Bad Games People Still Play: Telephone

Telephone, or Chinese Whispers, is a simple, and very popular game for kids. Cellobone, or Chinese whimpers, Lisa Thimble, and very popular gamer orchids. But if you’ve ever tried playing Telephone past the age of 12, you’ll know that it just doesn’t work anymore.

People either hear the message perfectly, and pass it along, or they hear the message perfectly, and then try to corrupt it in some ‘hilarious’ way. Usually by changing a few words to ‘poop’, or by outright substitution with their own message.

And you can’t really blame the corrupters. Without them the message wouldn’t change at all, which doesn’t make the game much fun. But rather than jury-rigging the verdict, could the game itself be tinkered with? How do you make telephone fun again?

Side question: Will the game still be called Telephone in 50 years when we're all speaking via microchips in our brains?

Side question: Will the game still be called Telephone in 50 years when we’re all speaking via microchips in our brains?

One of the problems with Telephone is that it is too easy to hear and understand people. You could play with crackers in your mouth, speak quickly or only in Bane impersonations, but there’s another bigger problem, which is that people seldom mishear words as other sillier words. Instead they hear garbled syllables, nothing distinct enough to repeat.

If the parts of the message are not understood, they are either dropped or they are `fixed` to maintain a sensical message. This does alter the original sentence, but does not produce a string of random English words in strange syntax. Seldom do you get the phonetically-similar gibberish that people find so funny. Telephone needs bigger changes than just disguising your voice.

In telephone, players are told to just repeat the message, and let the magic of miscommunication guide the sentence, but as discussed, this only works with tots. And why should they have all the fun? Those who intentionally corrupt messages are on to something with their rebellious interloping, but we can’t have complete anarchy either.

If players can change the sentence however they choose, then the last player has the final say, and all the creativity of the preceding chain could be discarded. You should be instructed to change sentences, but only to a certain extent, or according to certain rules.

For example, players could have to reword the sentence entirely, but attempt to keep the meaning as similar as possible.
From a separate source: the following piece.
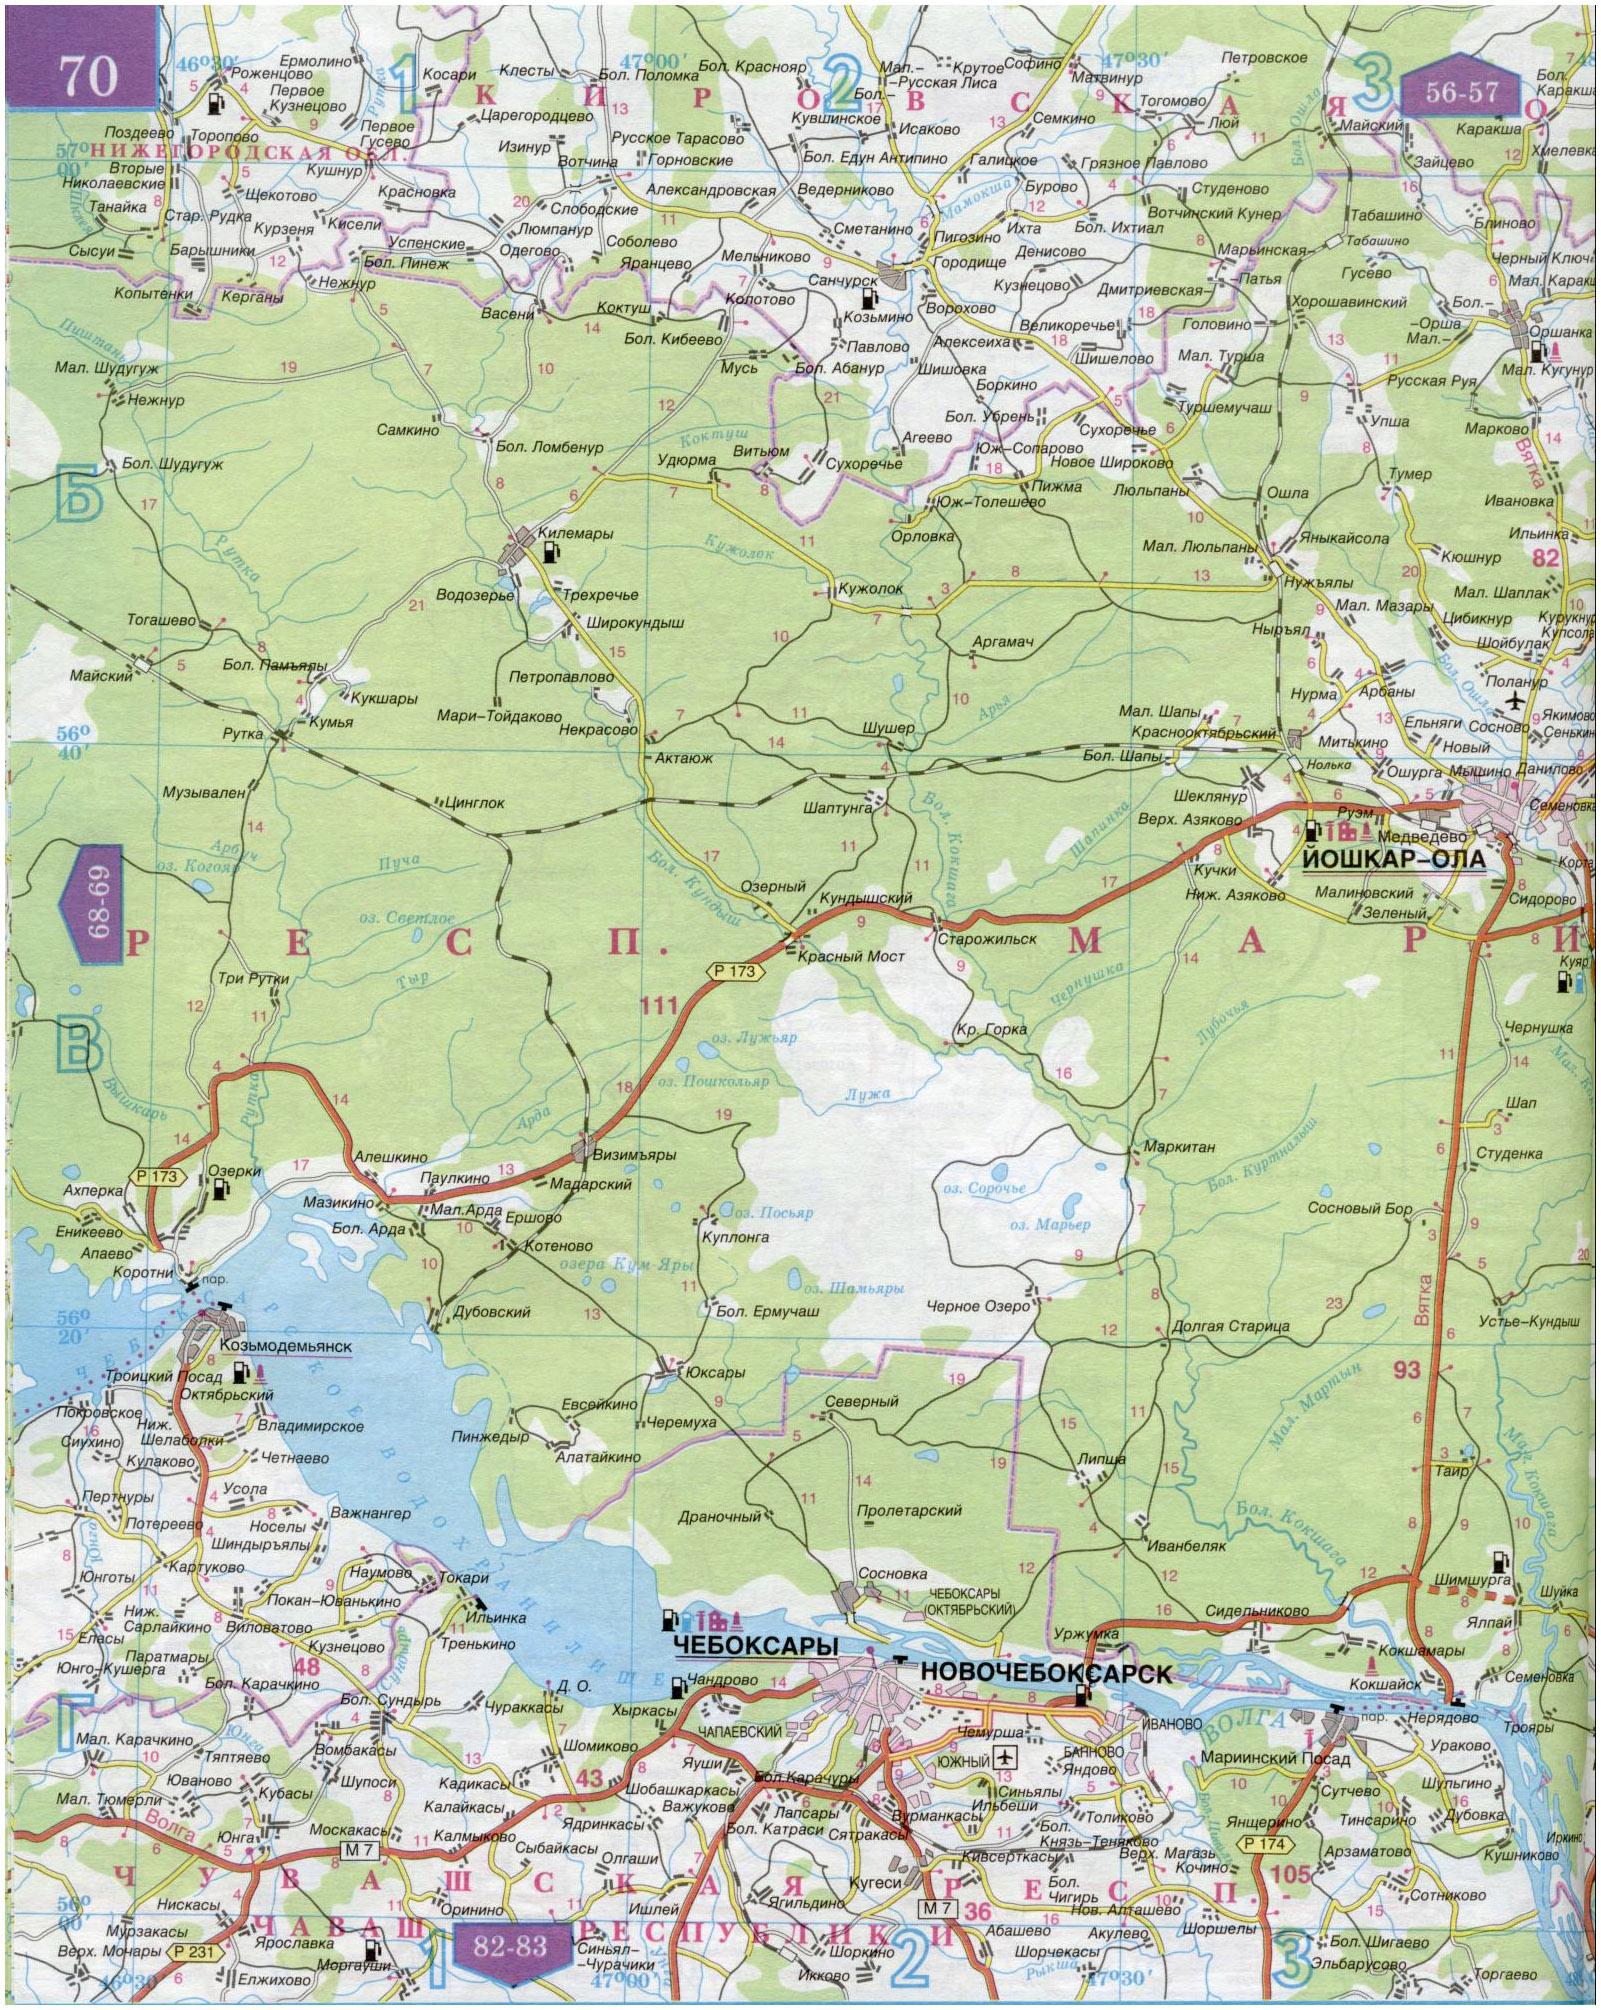 Карта республики марий эл 1см = 5км. карта автомобильных дор.
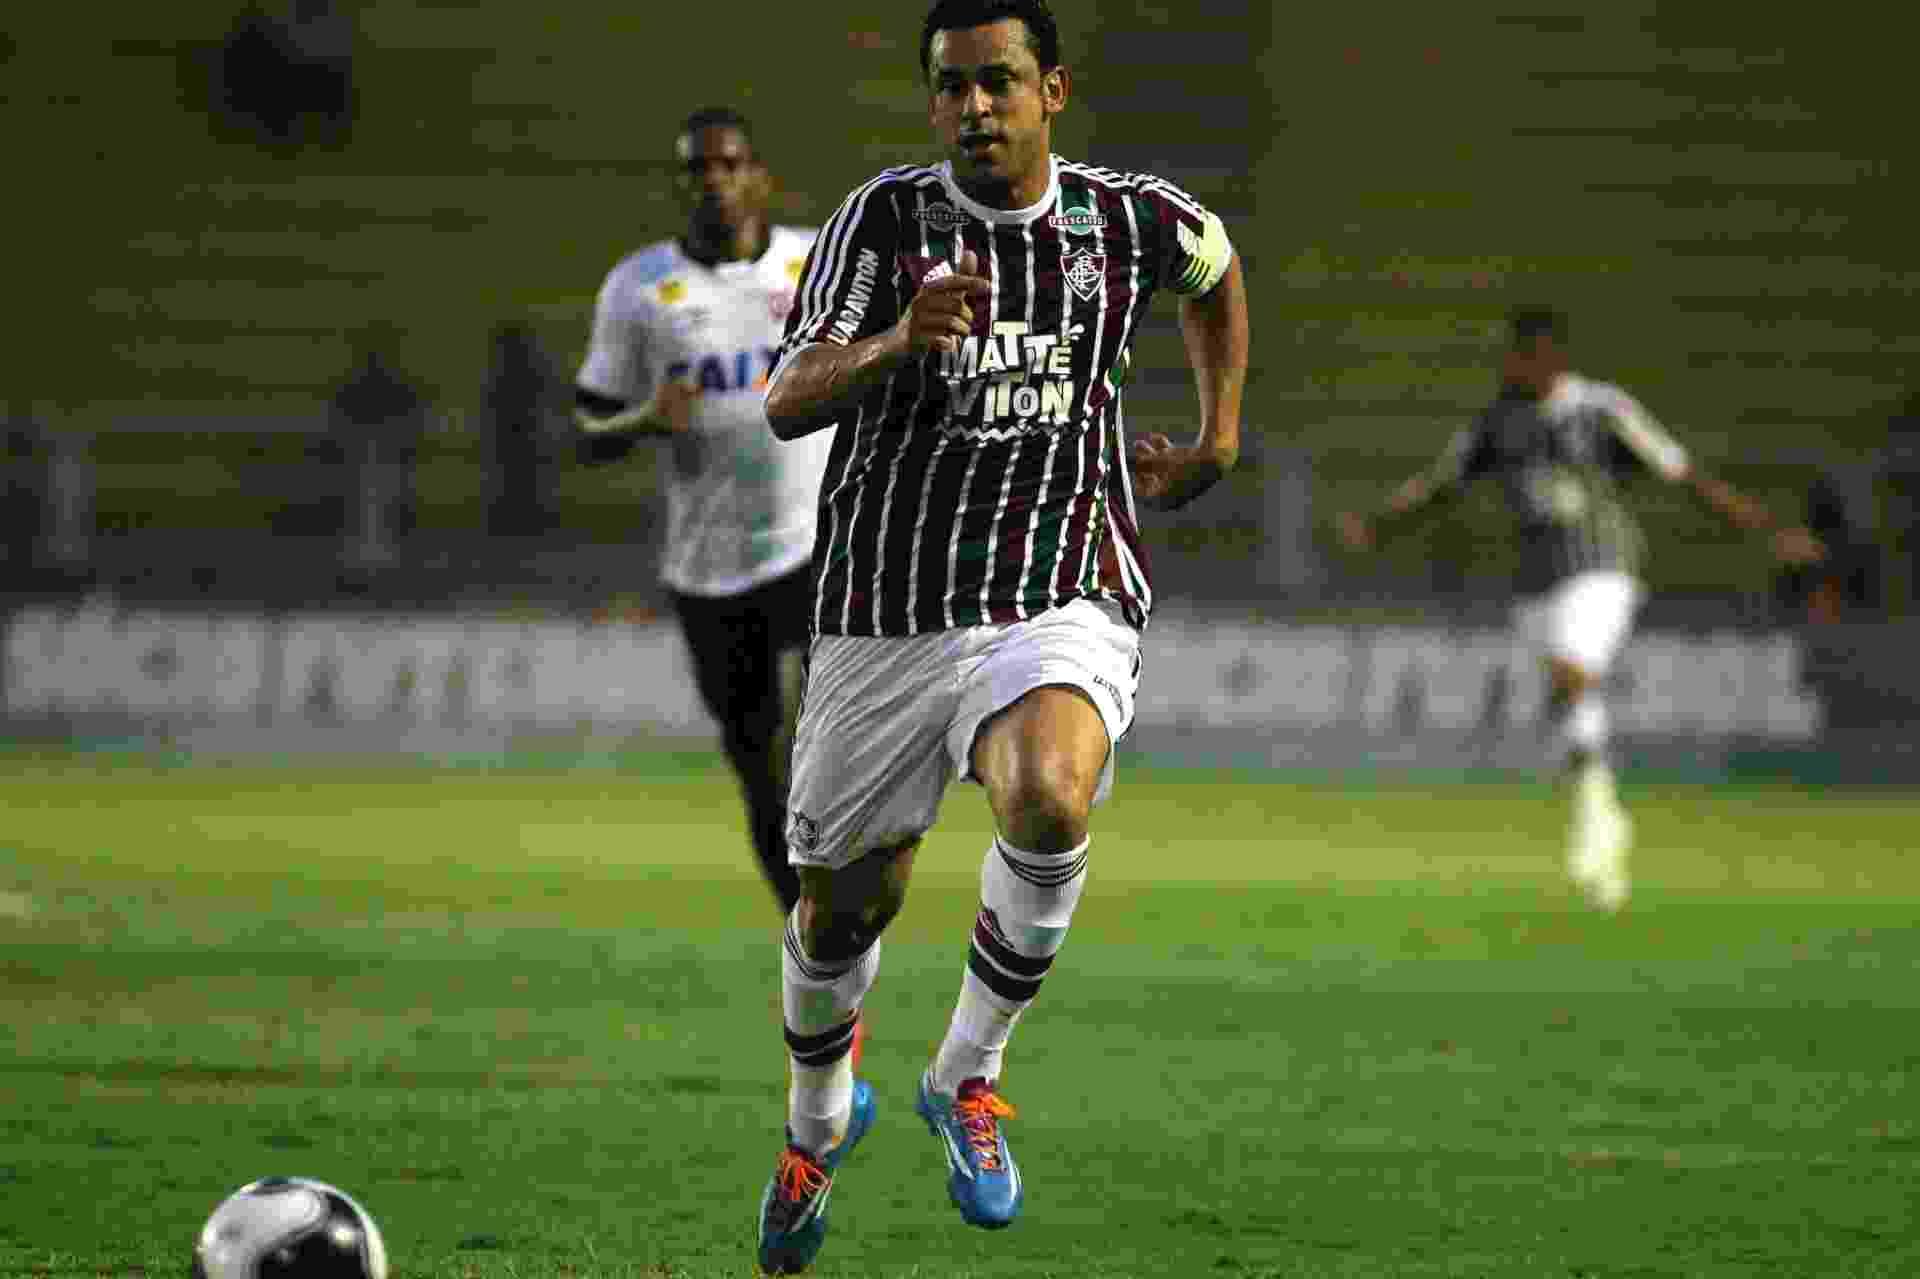 Fred corre para tentar a jogada para o Fluminense contra o Atlético-PR em jogo válido pela Primeira Liga - NELSON PEREZ/FLUMINENSE F.C.

If the message began as
“Biscuits are nice eating, yes?”, the next player might relay
“Cookies is good consumption, yeah?”, then the next player whispers
“Treats be fine food, sure?”.

Since the message is whispered, one person to the next, players don’t know which synonyms have already been used, and so the message could end up back where it started. But because of the vagaries of English, and the caprice of players, you’re more likely to end up with something barely recognizable and delightfully silly.

Similarly, players can be instructed to say the exact opposite of what was just said.
“Biscuits are nice eating, yes?” could become
“Garbage ain’t mean pooping, no?” which becomes
“Goods are kind peeing, yes?” and so on.

This works best with an odd number of players, so that the final message could come out the same as the first. But of course, it’s more likely to spiral into gibberish, which is much preferable.

Other methods include swapping out one word with another of your choice, adding another word to the end of the sentence, or by quickly drawing and copying pictures instead of speaking.

You can also play on actual phones over a long period of time with scandalous stories about other players standing in for the message. This variation is called 'gossiping'.

You can also play on actual phones over a long period of time with scandalous stories about other players standing in for the message. This variation is called ‘gossiping’.

So what’s so fun about Telephone and its variants? Surely there are easier ways to produce gibberish sentences. Easier, yes. But the process of playing Telephone has its own appeal.

There’s the appeal of coming up with the input sentence, the suspense of wondering how or if it will change. There’s appeal in getting to reveal the output, of delivering the silly sentence that will have the party of players howling with laughter, as though you had told a brilliant joke. There’s appeal in seeing how rapidly and dramatically a message can change by simple increments, and in tracing back its progress from nonsense to sense.

Moreover, Telephone speaks to us as social creatures, as storytellers. It shows that messages are corrupted or exaggerated by simply travelling. The game is a microcosm of how humans spread information, whether rumor or fact, anecdote or myth. David Cross once jested that the bible was the world’s longest game of Telephone.

But its not just the bible, in every thing we say, every time we communicate, some things get lost and others get added. It even happens when we `talk` to ourselves. Whenever we recall memories and experiences, things are lost and added. We might not notice it as much on a daily basis, but given a long enough timeline every message turns into gibberish. Purple monkey dishwasher.